The mentally ill, however, contend with a more complex set of circumstances.  They are frequently homeless, often victims of assault themselves, and sometimes afflicted with superimposed substance use disorders.  They do not always have access to mental health care, let alone general medical care.  Generally it begins with misdemeanors like trespassing, progresses to illegal drugs use and assault, eventually sometimes culminating in violent crimes.  It is possible that because a compassionate court excuses minor crimes on the grounds of mental illness, the perpetrator acquires the sense that he or she is not responsible.  Released therefore from the accountability constraints of civil society, their infractions become progressively more serious, advancing to crimes so violent the jury is no longer inclined toward mercy.  Had we held them accountable at an earlier time and given them access to adequate care, their behaviors might not have progressed to the level of felonies.   

There is a more rational, and in my opinion, less expensive way.  We could build state psychiatric hospitals, as we did a century ago, and make available to patients long-term treatment for substance use and mental illness.  We could make outpatient treatment of mental illness and addiction available in a meaningful way, and in the former case implementation of real case management.  With case managed, when a schizophrenic patient with a history of violence stops coming to his appointments, he is at least in theory quickly located and treatment reinitiated. 

We have closed the mental hospitals and opened the prisons.  It is often said that of all the nations in the world, the U.S. has the highest absolute number, and the greatest percentage of her population in jail or in prison.  If it is true, this statistic is a dramatic challenge to the notion that we are a "free" country.  It might not gratify the emotional need, as Bill Clinton said, to "send a message" to drug users and those who commit crimes.  But we would be safer, freer, and less fiscally strained if we closed the prisons and opened the mental hospitals.   

Everyone, including the mentally ill, should be accountable for his or her behavior.  Reason and compassion dictate, however, that we not expose mentally ill individuals to inhumane conditions; that they not be held accountable under such a different set of circumstances than society at large.  Even those not motivated by moral consciousness will probably concede that since contraction of mental health care was followed by an explosion in homelessness and dramatic increases in prison populations, a reciprocal effect could be induced by investing in mental health care.  If it is true as the NAMI has suggested that the prison system is the new mental health system, it would be cold reason itself to replace it with a more effective and yet also less expensive one.    


Update:   On 12/7/2011 I had a conversation with my colleague Dr.

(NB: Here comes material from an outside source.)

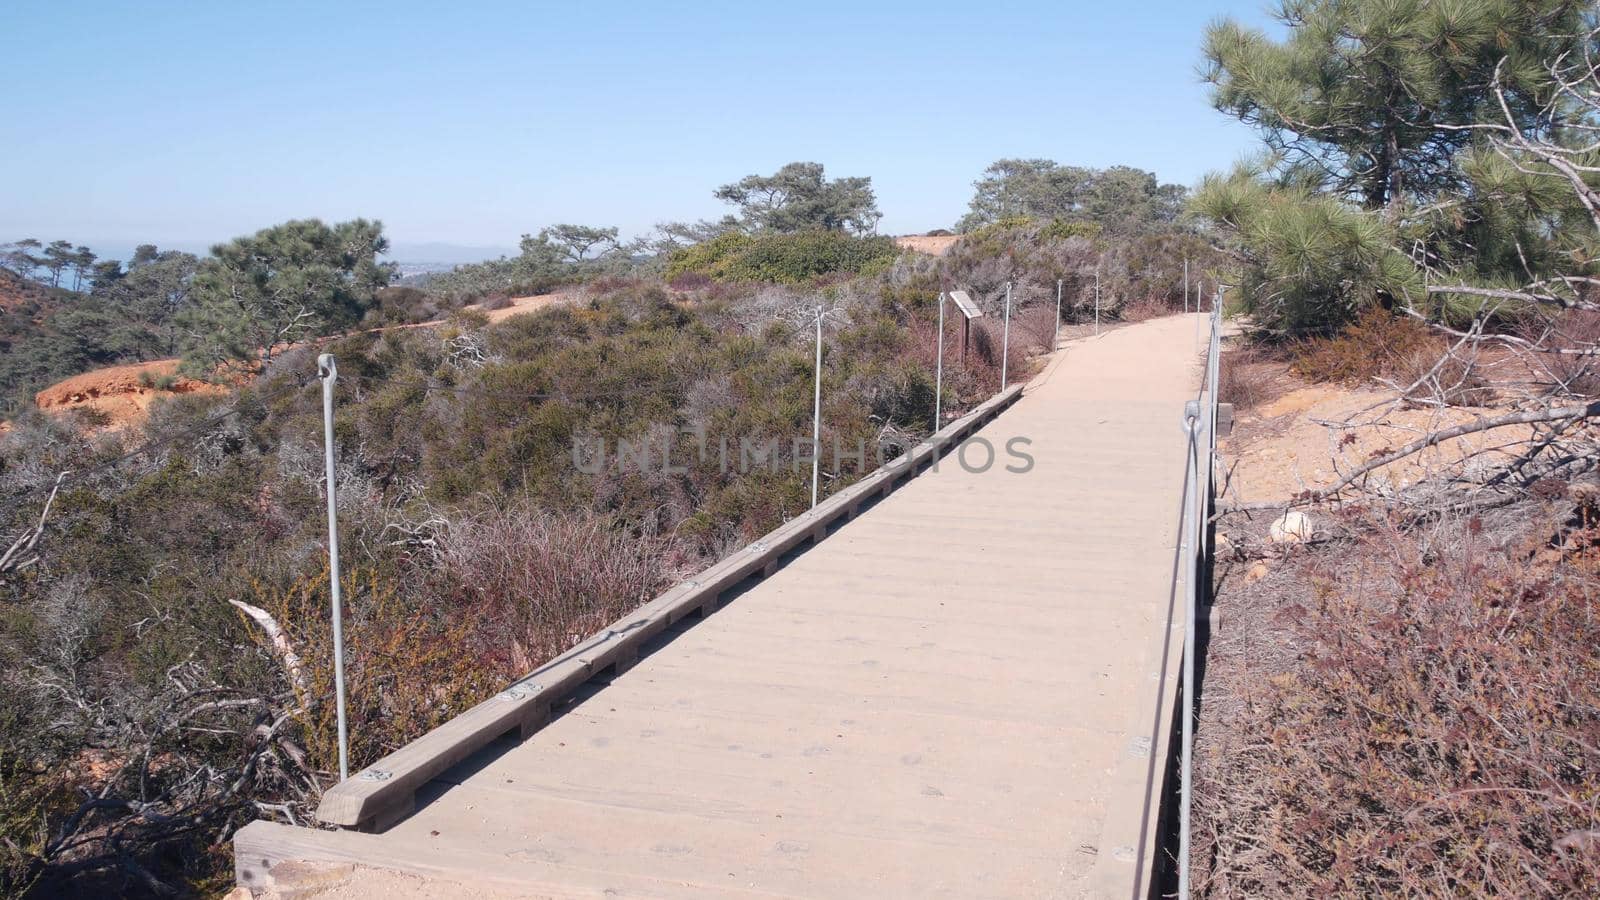 Torrey Pines state park, natural reserve for ecotourism, trekking and trails hiking, coastal California, USA. Environmental conservation, wilderness near San Diego. Designated footpath for eco tourism

John Hubbard.  We co-authored a textbook some years ago:  "Primary Care Medicine for Specialists and Subspecialists:  A Practitioner's Guide."  We were discussing this topic, that of culpability of the mentally ill.  He made an interesting observation.  He said that people should not be found Not Guilty by Reason of Insanity but rather Guilty by Reason of Insanity.  Such a legal finding would, it seems to me, make it possible to hold patients accountable but also emphasize quarantine and treatment over quarantine and punishment. 

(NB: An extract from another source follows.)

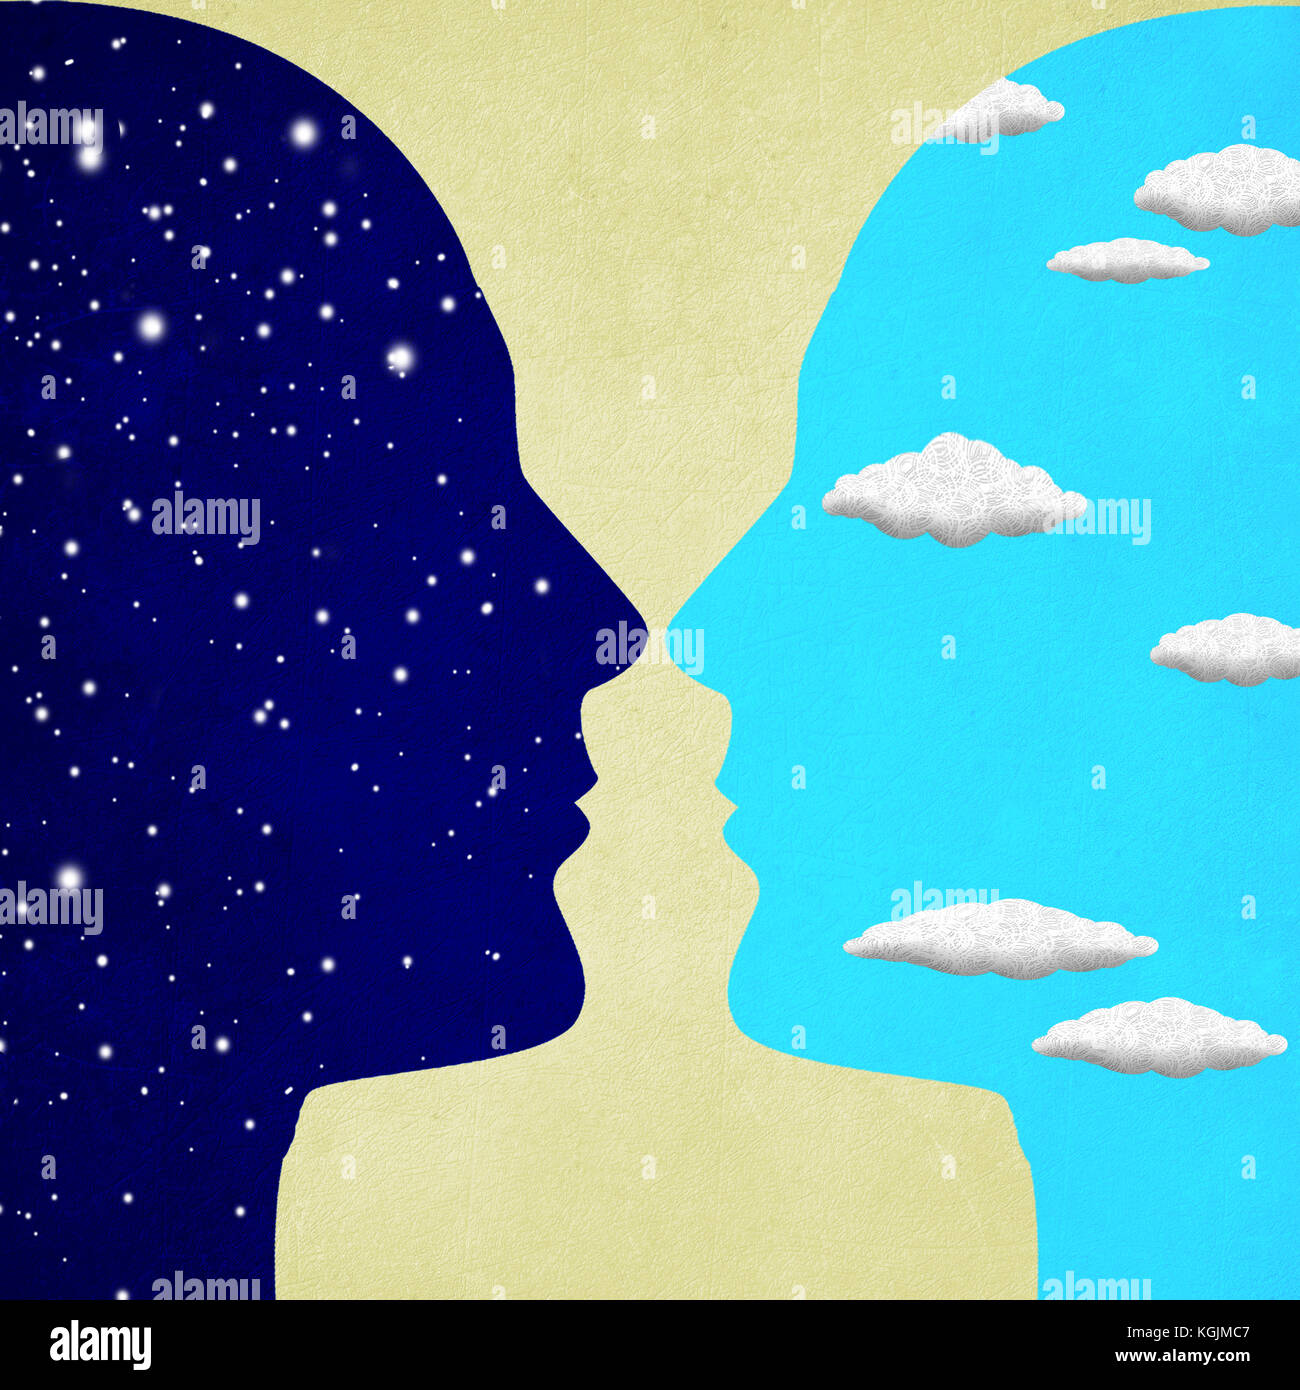 two human heads night and day concept digital illustration Stock Photo

(c) copyright 2011 Robert Albanese

Update:  On 4/20/16 I attended Baylor College of Medicine Grand Rounds.  The speaker, Christina Treece MD, an expert on postpartum psychiatric disorders, noted that Andrea Yates had discontinued her haloperidol (an antipsychotic) without consulting with her psychiatrist not long before the horrific murders of her five children.  

1 comment:

  1. Very interesting article! I find the clinical perspective very enlightening in determining how we should deal with 'mentally ill' offenders.